Афанасьев А.Н. Народные русские сказки [117]
А все-таки жаль, что историки не занимались сказками. Оригинальных гипотез и неожиданных открытий тогда было бы поменьше, зато персонажи сказок зажили бы исторической, то есть реальной, жизнью. Возможно, нашлись бы подтверждения существования тех или иных ситуаций, описанных в сказке, где-нибудь в Средневековье…
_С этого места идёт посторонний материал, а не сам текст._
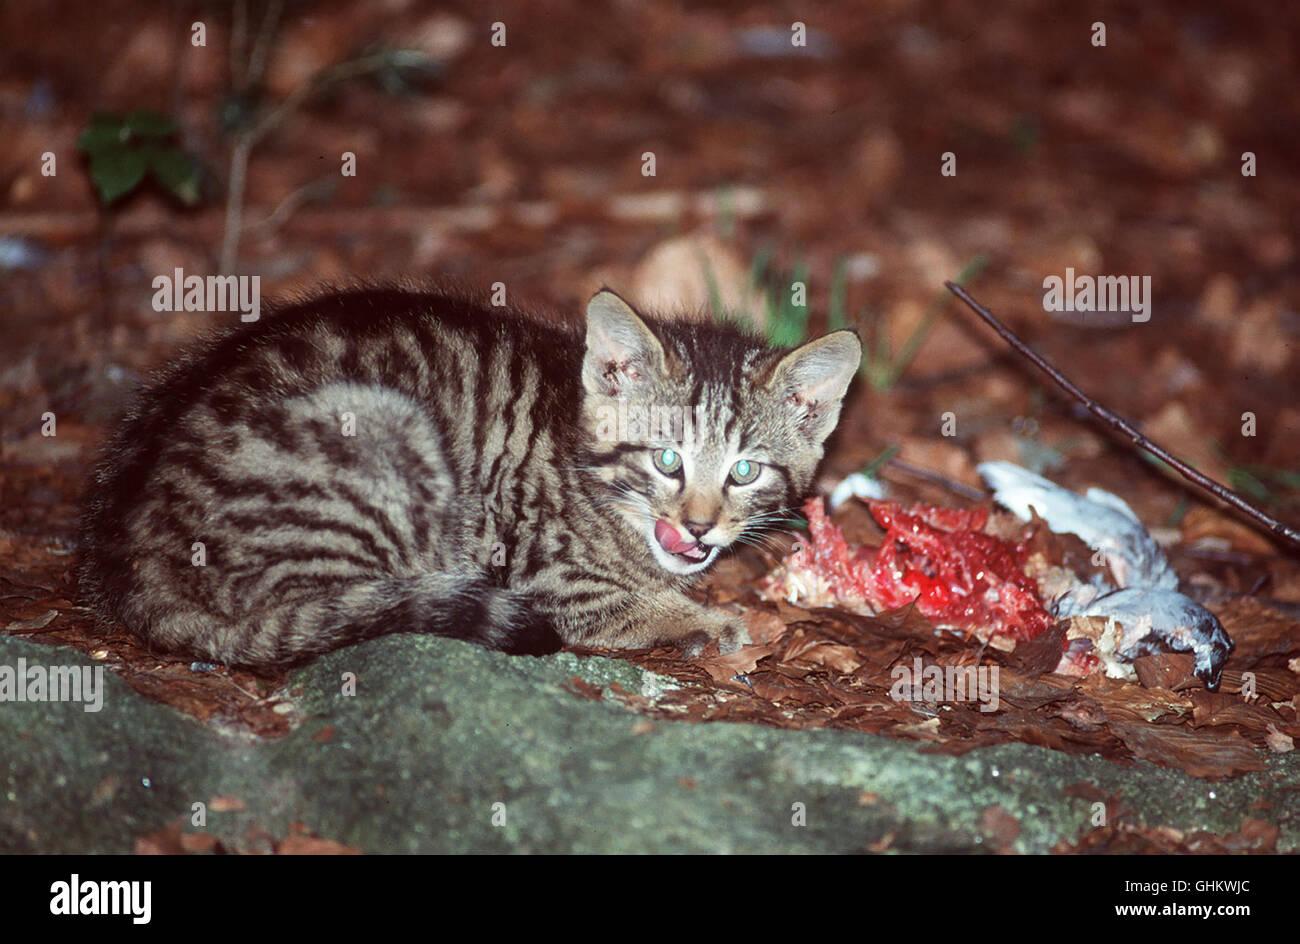 Prof. Antal Festetics präsentiert heute die Katze und zeigt ihren wilden Ursprung auf, die WILDKATZE (Foto). - Stock Image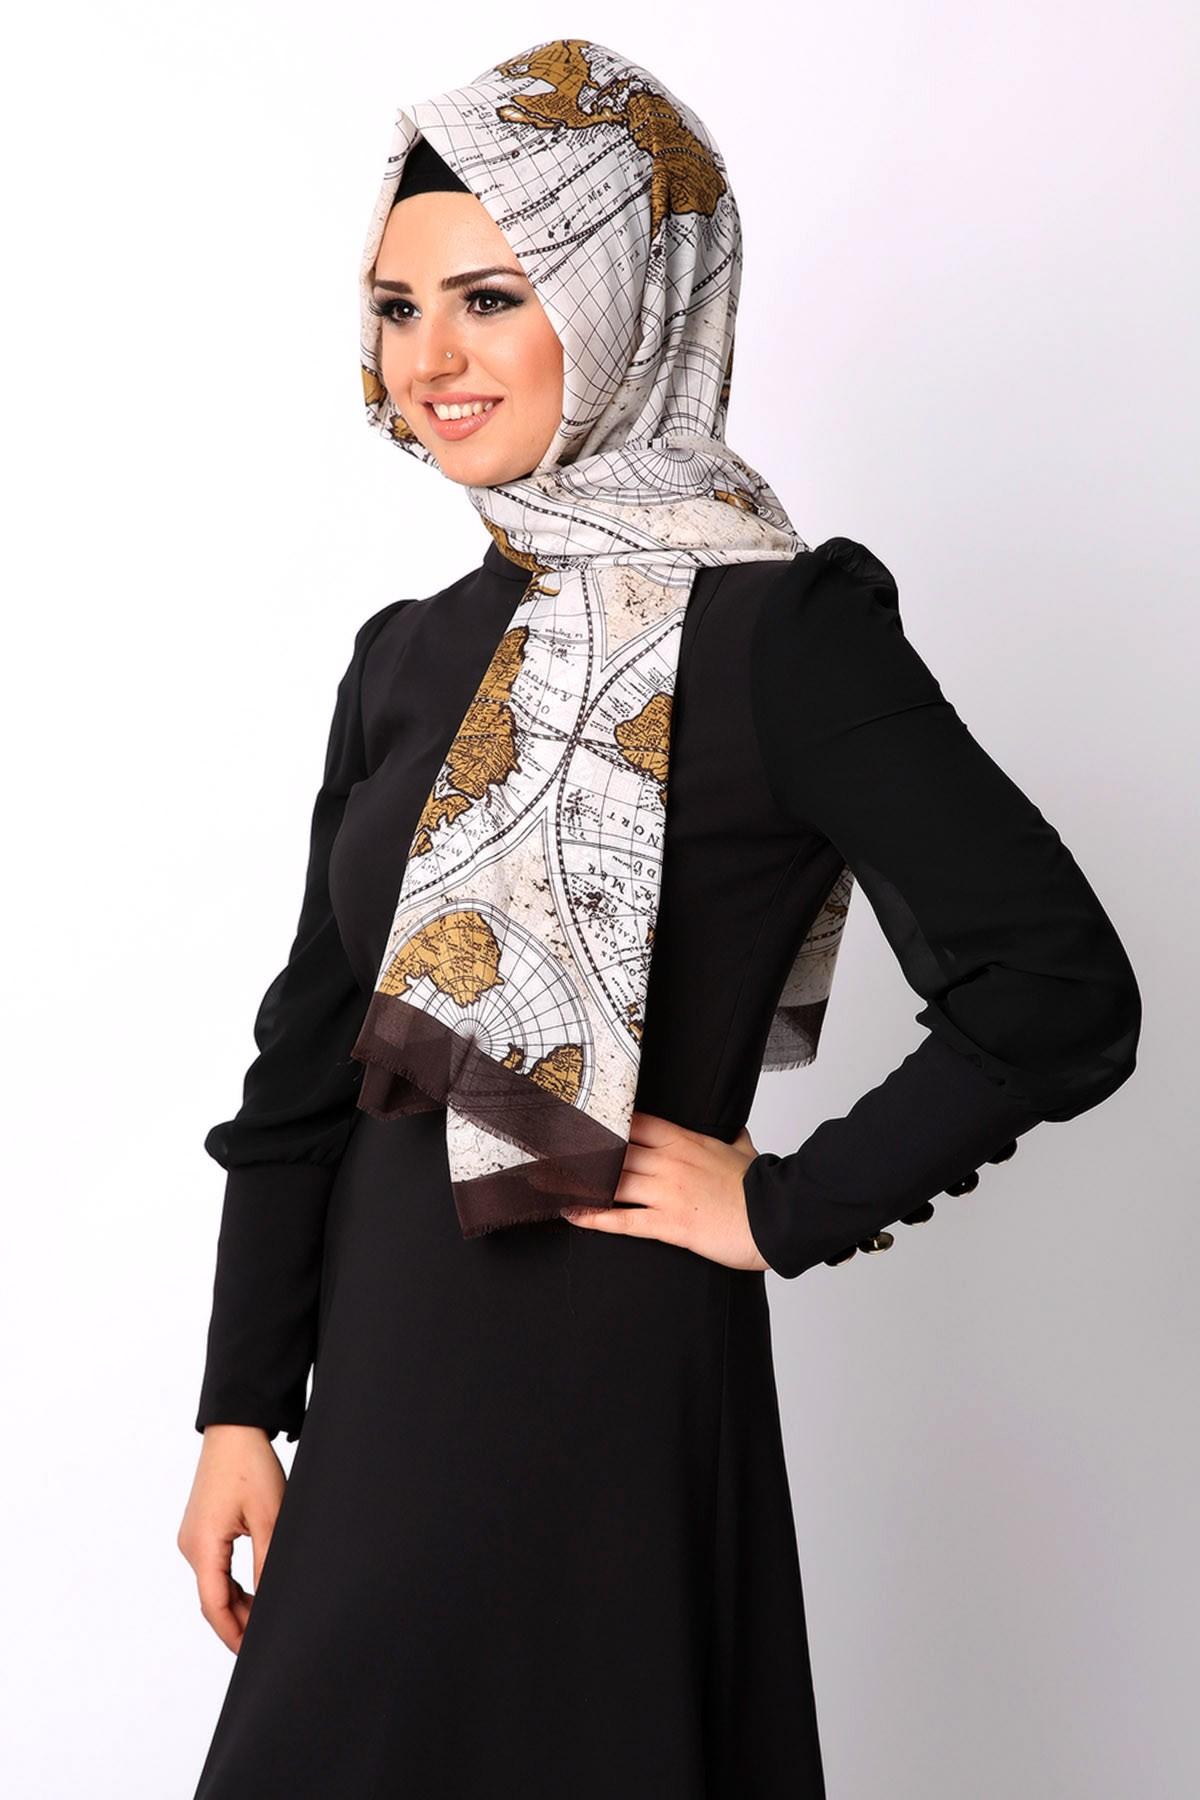 بالصور موديلات حجابات تركية , اجمل الموديلات للحجاب 6042 10

Сказка как исторический документ берет начало в XVI в. Создателем соответствующего книжного жанра в Европе считается Джованни Страпарола (1480–1557), автор сборника «Приятные ночи» (1550–1553), чрезвычайно популярного в Италии эпохи Возрождения. Продолжателем его дела был другой итальянец Джамбаттиста Базиле (1575–1632), чей сборник сказок «Пентамерон» вышел посмертно в 1634 г. В 1699 г. француз Шарль Перро (1628–1703), переработав сюжеты Страпаролы и Базиле, выпустил в свет сборник «Сказки матушки Гусыни». Параллельно ему мадам д’Онуа (1651–1705) издала «Сказки о феях» (1697) и «Новые сказки о феях» (1698). Эти сборники вызвали множество подражаний, в основном во Франции. Кроме них, источником вдохновения для французов служил первый европейский перевод арабских сказок «Тысяча и одна ночь» на французском языке. Произведения названных авторов вкупе со сказками Мари Леритье де Виллодон (1664–1734), Генриетты де Мюрат (1676–1716), Жака Прешака (1647–1693), Жана де Мелли (? -1724) и Антуана Гамильтона (1646–1720) составили грандиозное 41-томное собрание «Кабинет фей».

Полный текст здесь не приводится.